江巖還說過,后來,云海很快還清了其他人籌給云旗的治療費,因為此事,他還被厲鋒詬病,嚴重懷疑他的資金來源。
“云大隊很疼云旗,沒給云隊準備任何資產,捐出家產前,倒是給云旗備了不少嫁妝。但沒預料到她生病,到頭那嫁妝錢加上他們父子手頭的資金,還是不夠。”十音喃喃說著,“那個基金我也捐過不少,你別想成偽善,起初捐給那個基金,是因為工作中著實遭遇過太多不幸的攜帶者,有負傷的戰友、也有對我們有恩的人,譬如云旗的母親……更多的是可憐人,毀了的人生于他們自己,終究也是人生,是值得好好過的。孟冬,你會不會覺得,hiv攜帶者全都是咎由自取吧?”
“我有常識。”
十音欣慰地點點頭:“云隊是很豪氣的人,他們老家在保縣,風景特別秀美。要是云隊在,一定會熱情地邀請梁老師去那里玩,你別不信,哪怕你住個三年五載,他照樣包吃包住。”
“你像在推銷。”他輕嗤,“他女朋友知道你?”
十音沒多解釋,只說:“知道啊,非常熟。他那位……乖巧懂事得很。”
“嗯,我是不懂事。”
“梁大師這么吐槽自己合適么?”十音噗嗤笑,又正色說,“我不敢這么想,云隊從沒辜負過妹子,全心全意,連他那段婚姻都是任務。我怎么比?沒自信比。”
她還沒自信!
梁孟冬嘴角動了動:“巧舌如簧。不會學著點?”
“遵旨。”十音說,“一定認真學。你怎么總不吃東西,快吃嘛,別餓傷了胃。”
歲末的南照,時近八點才看得到日出。下高速時,天還不亮,車過之處的風景,唯有燈火通明的花市。
歲歲年年花相似。
年年歲歲,心中人、身邊人。十音偷眼看他,刻意把車速放到極慢。
“怎么了?”梁孟冬問。
“你等等我。”十音已經將車靠在路邊,解安全帶徑直下了,笑著囑咐,“我很快回來。”
十音抱著那滿懷的殷紅花束走出花市時,天色剛由暗色轉為薄灰。
那么一大捧,把她整個人都襯得小小的。
十音欣喜地將花遞進副駕駛座里:“我在想,你在臺上收過那么多鮮花,但這種滿捧惡俗的紅玫瑰,還是頭回吧?”
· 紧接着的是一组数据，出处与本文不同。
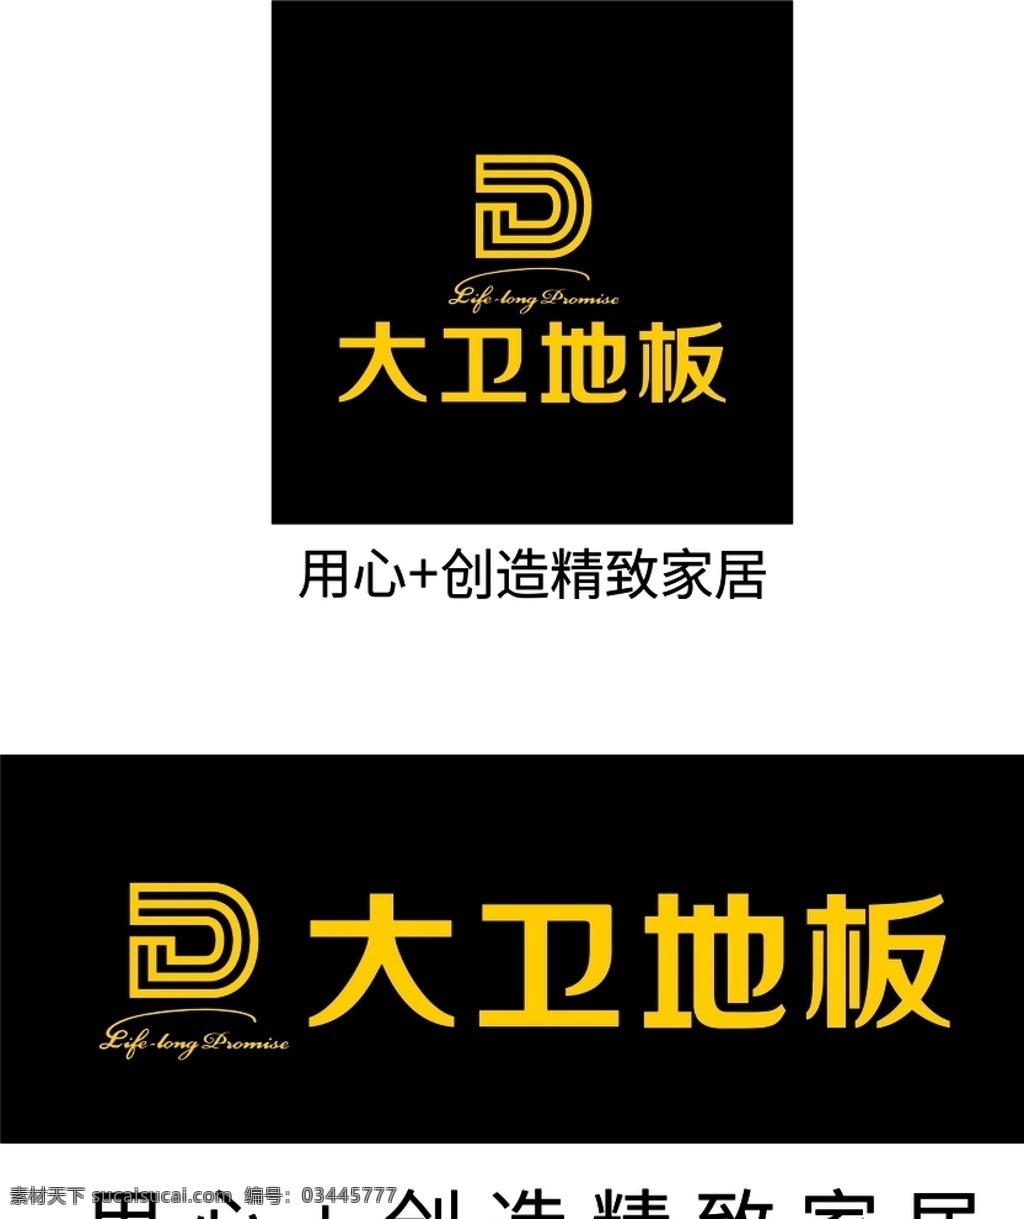 大卫地板 大卫 地板 logo 黑色 黄色 标志图标 企业 标志

花色映在她的臉,那是仿佛可以洇濕云霞的色澤,花瓣上的露珠經她那么一送,爭先恐后地抖落。
梁孟冬難以置信地抬眼看十音,忽地想起初見她的那個秋日。
那天她的目光就和此刻一樣,直直鎖著他,眸子里的笑意關不住,就要流淌出來。
“正式表白一下愛意,什么語言都盛不滿,這些天,特別委屈你……”十音頓了頓,“不對,是這些年。”
梁孟冬輕嗤,接過來捧著。
他嘴角是掩藏不起的笑:“不是地下情?那么囂張?”
“天沒亮呢,不怕。”十音順著他說:“再說,你讓我學著點的啊。”
他瞪她:“像在罵人,怪我從沒給你買過。”
男人收玫瑰,算什么路數。
“那你以后給我買,記得要斥巨資,這捧花了我50元,”十音告訴他:“南照的花便宜。你也不用那么保守,誰送有什么分別,你還是我追到手的呢。”
“有臉說?”
十音看這男人收花后的局促樣,格外心動,回座后一把搶過他的手。
梁孟冬還沒反應過來,卻見她俯低身,唇往他手背上飛快啄了一口,又迅速抬起頭。
他身子僵了一瞬,目光撞進她的眼里。
“不要總是氣呼呼的,雖然也很可愛,你說的話,我都記在心里的。”十音說,“我現在才知道,原來你那么喜歡我,你從前都不說……又想想,你真不走運,偏偏喜歡我,除了我這個混蛋,誰忍心辜負你。”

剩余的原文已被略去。